I have a classification problem. The actual outcomes are binary (0 or 1), but I want to predict probabilities, rather than predicting simply 0 or 1. I also want something with feature selection, since there are a lot of predictors. One approach that I want to try is L1-regularized logistic regression (specifically this implementation in statsmodels). One has to find a value for $\alpha$, the weight of the L1-regularization. I plan to do this in the following way:
Select some potential values of $\alpha$, say 0.001, 0.01, 0.1, 1, 10 and 100.
Employ 5-fold cross validation: Fit the model on the union of the four training folds (using the aforementioned method) and then calculate the mean absolute error (MAE) on the test fold. A toy example: If the actual outcomes in the test fold are [1, 0, 1, 0] and the predicted probabilities are [0.9, 0.2, 0.8, 0.7], then the MAE is 0.2 (= (0.1 + 0.2 + 0.2 + 0.7) / 4).
Repeat step 2. for each of the five cross-validation runs and then calculate the mean MAE. A toy example: If the MAEs of the cross-validation runs are 0.2, 0.1, 0.3, 0.3 and 0.1, then the mean MAE is 0.2 (= (0.2 + 0.1 + 0.3 + 0.3 + 0.1) / 5).
Repeat steps 2. and 3. for each value of $\alpha$ given in step 1.
Choose the value of $\alpha$ with the least mean MAE.
Is this a sensible approach? Is it theoretically sound or would an information criterion such as the AIC be better? There is this nice guide from sklearn, but it is for linear regression, rather than logistic regression; in any case, they use the mean squared error. The AIC takes the number of parameters into account (the fewer the better), but the cross-validation approach does not. Since I want feature selection, I would be willing to sacrifice some predictive accuracy for the sake of having fewer features in the model.

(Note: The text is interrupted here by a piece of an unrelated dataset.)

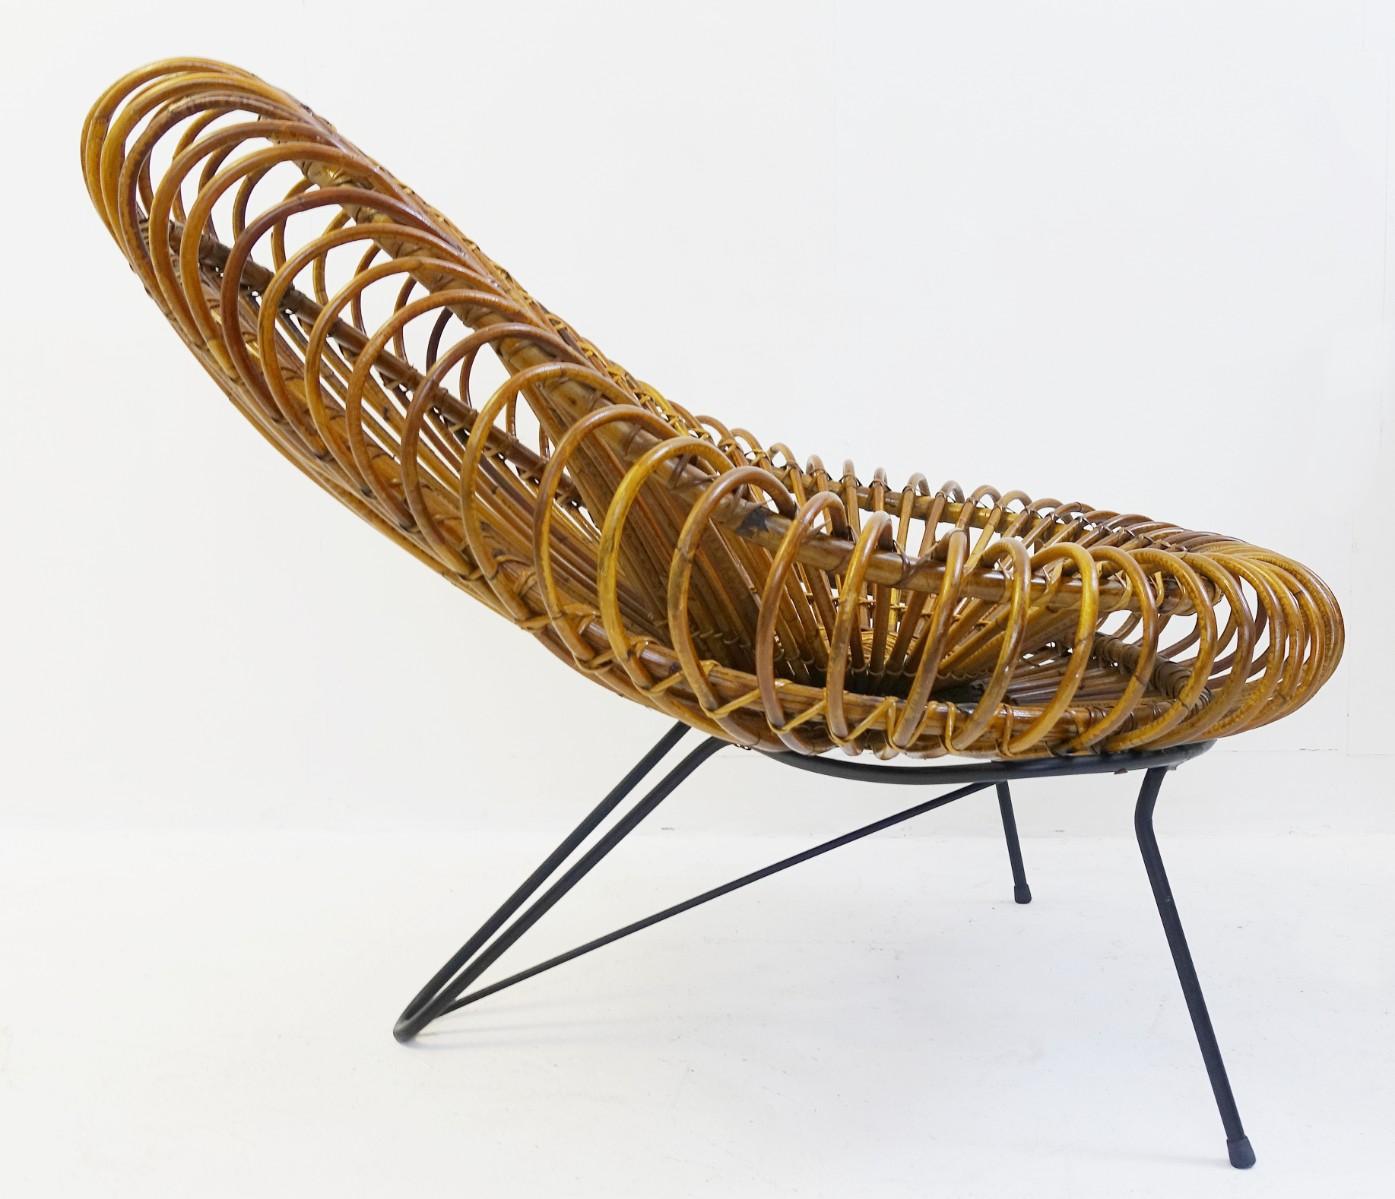 Rattan Pair of chair by Janine Abraham & Dirk Jan Rol for Edition Rougier, 1950s

To give a rough picture: The data contains approximately 120 features and 10000 rows. I have scaled the data. And to avoid any confusion: The approach uses the MAE only for hyperparameter tuning, not for the model fitting itself.
EDIT: Another potential approach would be calculate the likelihood of the test-fold predictions:
$$ \prod_{\text{outcome is 1}}\text{predicted probability} \; \times \prod_{\text{outcome is 0}}1 - \text{predicted probability} $$
Would this be a better scoring method than the MAE?